After surveying 81 companies, a recent study by Alka Chadha, Ali Mehdi and Garima Malik of the New Delhi-based research group, Indian Council for Research on International Economic Relations (Icrier), says that if corrective action is not taken quickly, the losses from occupational stress-induced diseases could total a staggering $200 billion (approx. Rs7,800 trillion) in the next 10 years.
The Icrier study especially points to India’s outsourcing industry, where maximum incidents of work-related stress are being reported (www.livemint.com/stress.htm).
Get a massage
Hyderabad–based SumTotal Systems, a global provider for learning and talent management systems, organises a number of free de-stressing programmes, including yoga, gym and spa sessions. For instance, a masseur comes to the office every alternate Wednesday to give a neck and shoulder massage to all those registered for the service. Says Gayatri Devi, a manager at SumTotal, “I take a deep breath and settle down into a different world!”
Others have salon services. The youthful Mumbai-based Web technologies start-up, Directi, has a tie-up with a nearby salon and its employees get two free salon services a month, that include massages, hair treatments and skin therapies.
Call a concierge
California-based business consulting firm Infogain Corp., which provides product engineering and IT solutions, has an enclosed area, called “the hut”, on the terrace of its offices in Noida, near New Delhi, where its 650 employees can do aerobics, yoga or listen to music thrice a week. Infogain has also tied up with a concierge service, which takes care of all bill payments, movie ticket bookings, travel plans, gift deliveries, and so on, for the employees at a nominal fee. For instance, the employees are charged Rs10 to have a bank draft made or Rs50 for the payment of LIC premium. Says Pankaj Shankar, global head—HR and RMG: “The concierge services really help our employees manage their personal life and work.” New joinee Deepti Arora endorses this: Tied down with a critical project, she just couldn’t find the time to pay her LIC premium, but the concierge service came up trumps.
Play a game
Some companies no longer frown on employees who want to play games in the office. UK-based outsourcing and technology firm Xansa, which has offices in Noida, near New Delhi, Chennai and Kolkata, has online games on its intranet.

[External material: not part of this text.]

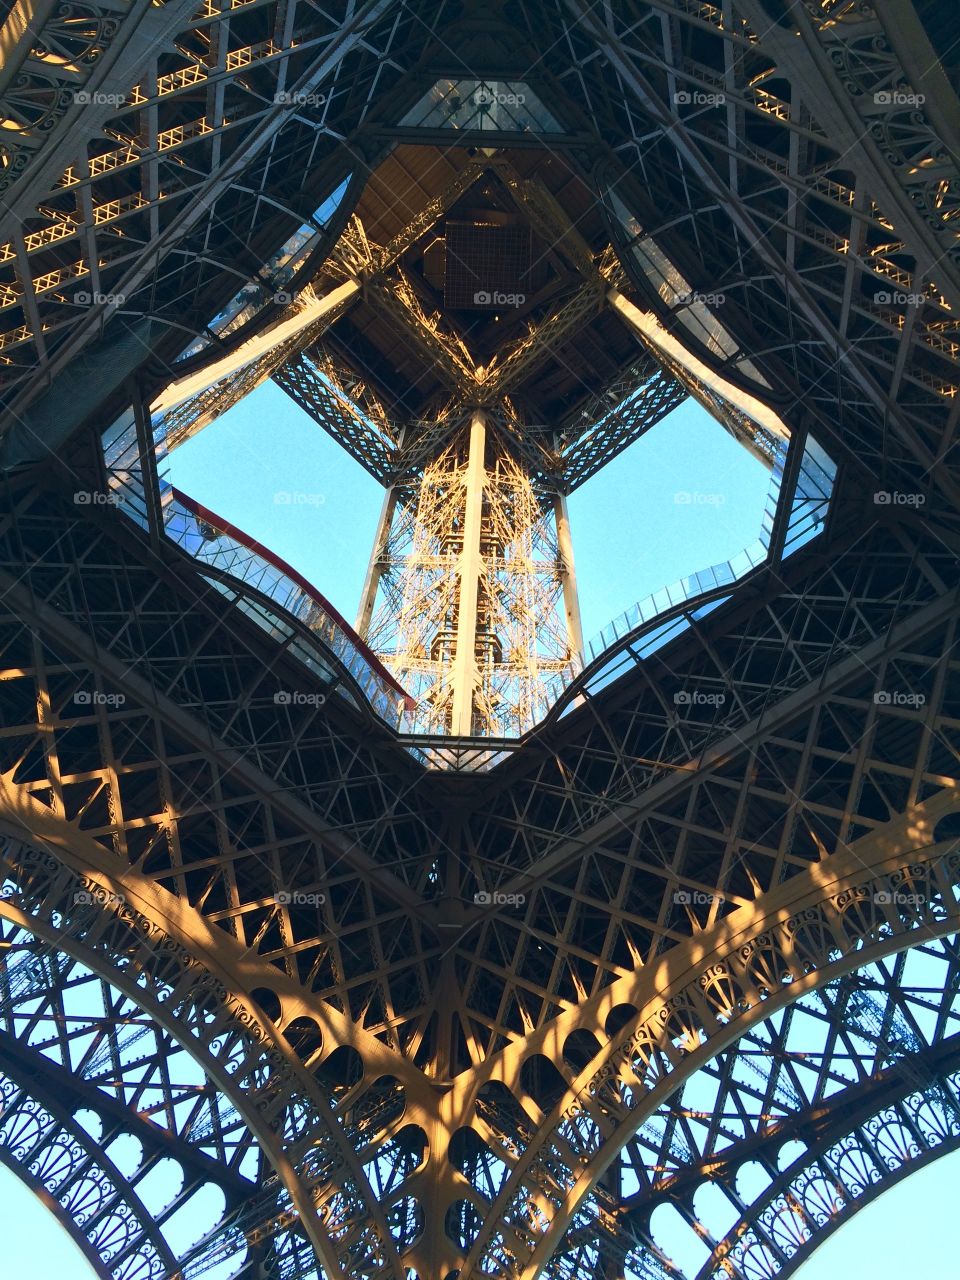 Tour Eiffel . Looking up!

The games are designed to enhance some skills and increase concentration. Xansa’s Vikram Karayi, senior vice-president—HR, says the firm’s stress management initiatives include meditation, counselling, yoga, meditation, pranic healing and reiki.
Dance it off
Dance is becoming an increasingly popular way to de-stress at several workplaces. Bhavin Turakhia, CEO, Directi Group says: “Most of our initiatives are devised through a bottom-up process.” Directi has a Salsa instructor coming in regularly. Namrata Arya, senior channel development specialist, says nearly 150 employees are part of a trekking group and they manage to go every alternate weekend for treks in and around Mumbai. The best part is that a lot of people get their friends and families along. The Salsa group has 70-80 members for the weekday sessions as well as for the weekend ones. “It’s great fun,” she says.
Vent a grievance
With 10% of all workplace stress attributed to personality differences and conflicts, an increasing number of employers are trying to address this in different ways. For instance, Capgemini, a global outsourcing firm which has offices in Mumbai, Kolkata, Chennai and Bangalore, reviews and addresses concerns raised by employees on issues that include relationships, favouritism, and even health and safety. Both SumTotal’s Lekha Sishta (vice-president, global HR and talent management) and Infogain’s Shankar point out that conflict resolution is a major HR initative. Says Shankar: “Every new joinee at Infogain is assigned to a senior manager who acts like a mentor for the person for a period of six months. This is to ensure that there is a proper integration on a personal level. Also, this mentor is never from the same stream the joinee is attached to.”
Commute in comfort
Located as they are in the distant suburbs, some IT firms offer air-conditioned buses to ferry their employees to and from work. But Infogain goes one better: all its employees, including the support staff, commutes to the Noida office in AC cabs. “This has resulted in lower physical stress (and) less fatigue,” says Shankar.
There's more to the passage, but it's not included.